D1 is the IR photo-diode and IC1 (TBA2800) is the infra-red amplifier. This IC contains three stages of amplification, the first of which has an automatic gain adjustment system to cope with varying signal and ambient light levels. The second amplifying stage simply provides further amplification, and the third separates the wanted signal from the general background noise. An inverting stage is also provided to give both positive and negative outputs.
The overall gain of the IC is quoted as 70dB, and the typical current consumption is 1mA at 5V.
C3 and C4 are the coupling components between the amplifying stages. The values of these have been chosen to give good coupling at the IR transmission frequency, while rejecting lower frequency noise and interference. C2 is the filter component for the automatic gain control of the first amplifier in U101. The power supply to IC1 is decoupled by R1, C1 and C5.
The inverted output of IC1 is connected TR1 (BC558), which in turn drives TR2 (BC548).
TR2 connects the LED D3 across the power input to the circuit. The purpose of this is to cause pulses of increased current consumption in time with the received infrared, which are in detected by the other section of the circuit. The LED flashes in time with the received infrared.
The circuit is powered from the other section of the circuit via SK1. D2 and R15 provide a regulated 5V supply to IC1, while D4 and C1 ensure that this supply does not vary significantly when the LED is pulsing.
Infrared Transmitter and PSU
The infrared transmitter and power supply circuits are shown in figure 1B.
The variations in supply current to the receiver section cause a varying voltage drop across R14. This is converted to logic pulses by TR5 (BC558). C12, R10 and D9 cause short (40uS) pulses to be applied to the base of TR4. TR4 (BC548) and TR5 (ZTX650) are in a Darlington arrangement, and drive the infrared LED.
The infrared LED (D7) has a maximum continuous current rating of 100mA, which would give a range of only a few centimetres. However the device has a pulse rating of over 2A, providing the duty cycle is short and the mean current does not exceed 100mA.

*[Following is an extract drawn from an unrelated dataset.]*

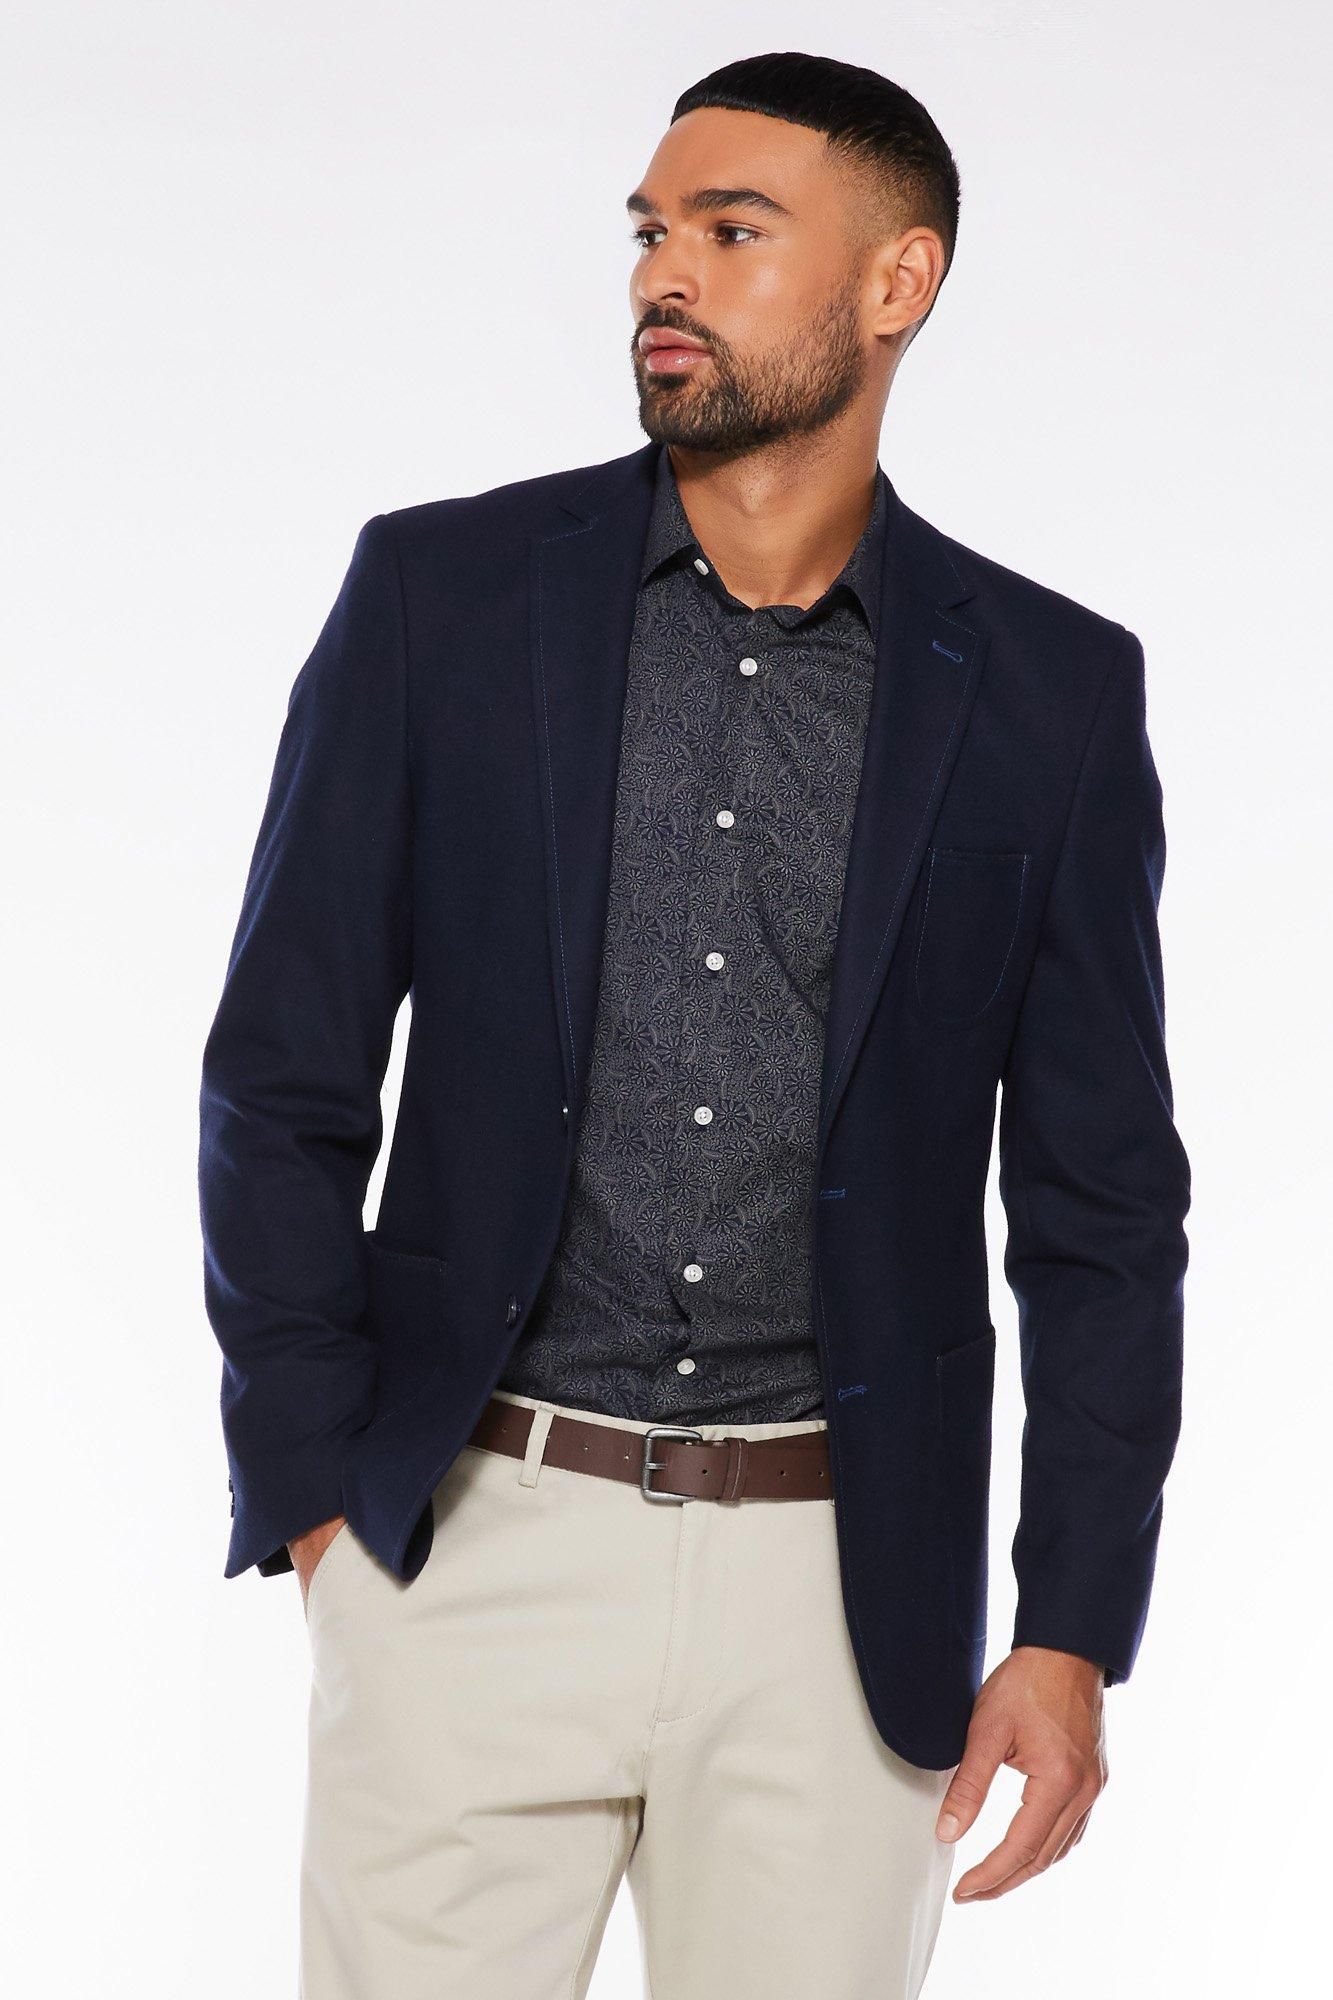 Navy Soft Touch Fabric  	Double Button Fastening  	Double Vented Back  	Functional Side Patch Pockets and Breast Pocket  	Lined with Internal Pocket  	Notch Lapel

This gives a much improved range and is the technique used in commercial remote controls, as well as this unit. C11 acts as a reservoir for the LED current, and is charged when the LED is not lit via R13. The current to D8 is limited to about 2.5A by R9; a red LED (D7) and series resistor (R8) are connected across R9 to give a visual indication that the unit is operating.
The circuit is powered by a small transformer, giving an unregulated supply of about 18V across C10. The supply reaching the infrared receiver section will be about 12V. A 100mA transformer is adequate since the current consumption is only a couple of milliamps when the unit is idle.

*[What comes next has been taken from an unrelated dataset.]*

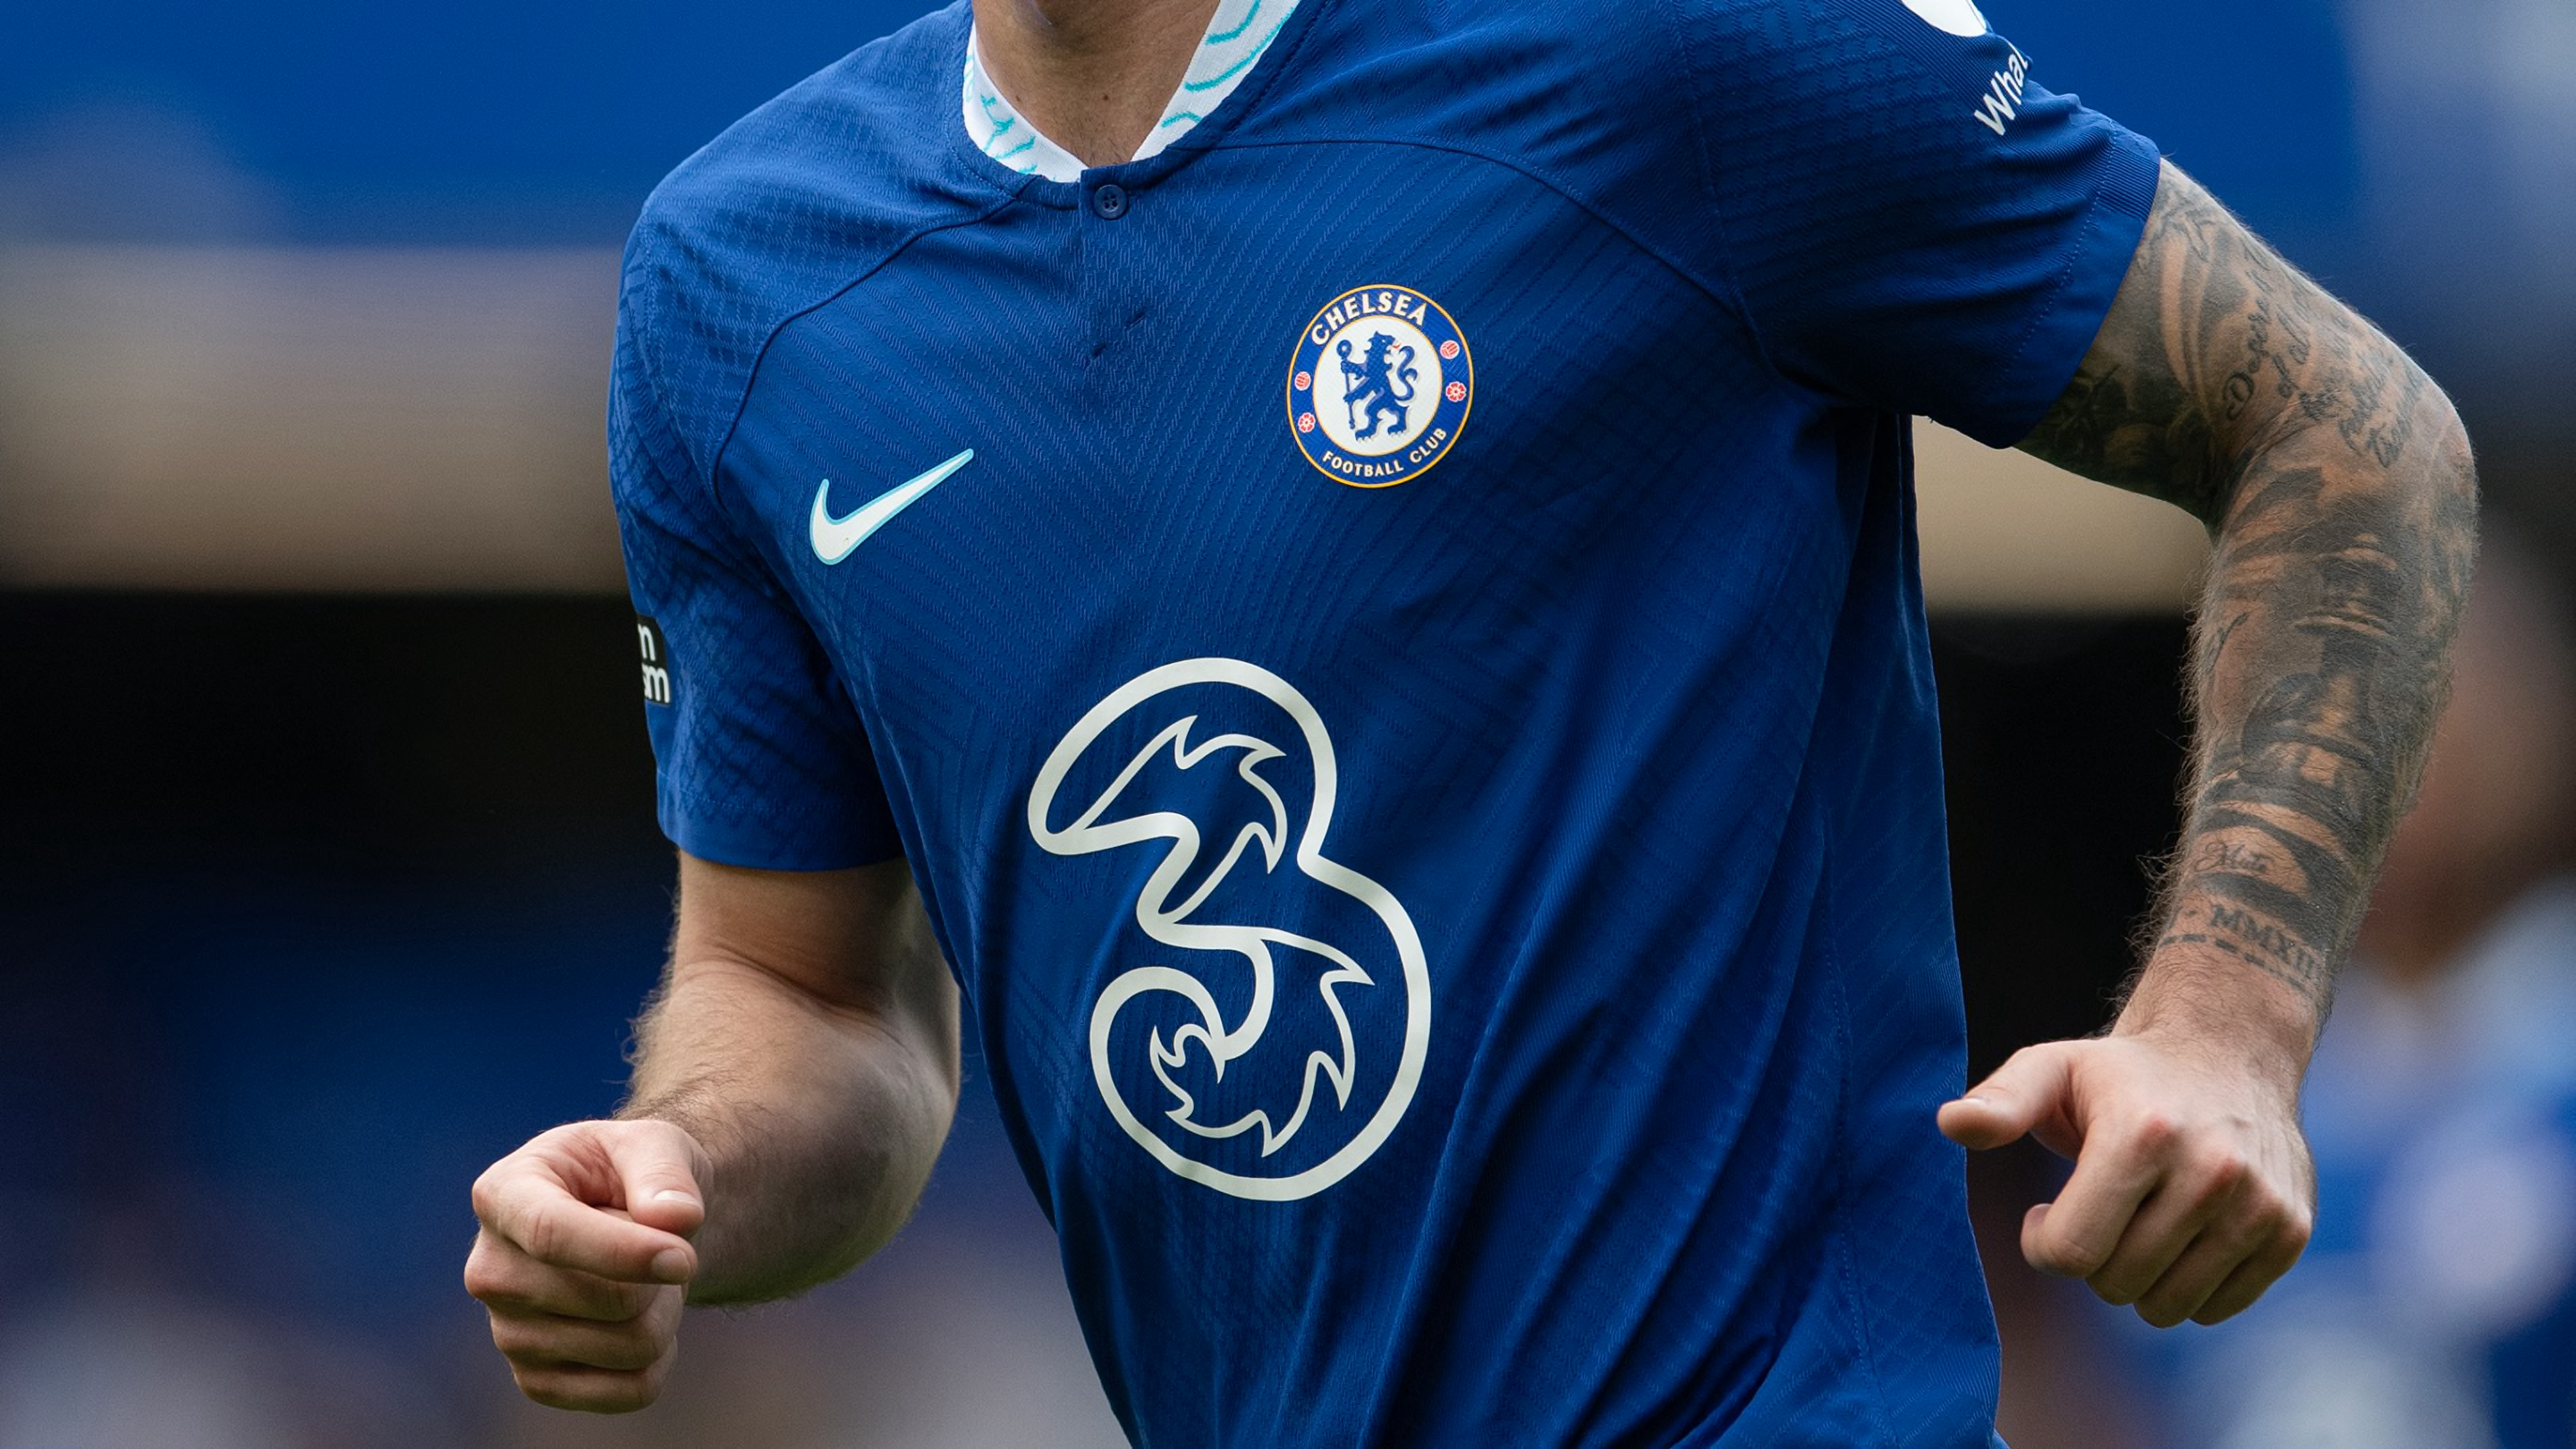 Chelsea back out of Stake.com deal & remain without shirt sponsor

The DC voltage is isolated from the TV/video equipment by C7 and C13. 100pF ceramic disc capacitors are used, which give good coupling at UHF frequencies. The high frequencies are blocked by L1 and L2, which prevent the circuit from loading the signal.
There will inevitably be slight attenuation to the UHF signal; this has not been measured due to the author not having suitable equipment! No picture degradation occurred with the prototype, although some problems may be experienced in very poor reception areas. This would only occur on off-air signals, as the signal strength from the UHF output of a video recorder or satellite receiver is generally fairly high.
The PCB overlays are shown in fig 2. There is nothing out of the ordinary about the PCB assembly – simply fit the components in the usual size order. D7 and D8 must be fitted on the solder side of the PCB, with their tops about 12mm above the PCB surface. D3 is mounted at the same height on the component side of the other PCB. D1 should be mounted at the full length of its leads, and then folded over so that the flat side lays against IC1.
Terminal pins should be used for the off-board connections. Those for SK1 and SK2 are inserted from the component side so that wires may be attached to the solder side.
There are four holes for terminal pins around IC1 and related components. These may be used to secure a screening can (made from tin plate) if the receiver is prone to interference. This was not necessary on the prototype.
The infrared receiver is housed in type MB2 plastic box, 101mm * 76mm * 39mm. A rectangular window should be cut in one side, approx. 55mm * 24mm, positioned 12mm from the left end. Remove any PCB mounting guides from this area. A piece of red filter material is then fitted behind the cutout, and held in place with superglue. If the filter has a non-reflective surface this should face outwards. The PCB is positioned in the PCB mounting guides in the case, immediately behind the window. The two coax sockets are fitted on the opposite side of the case to the window, and require a 12.7mm (1/2″) mounting hole.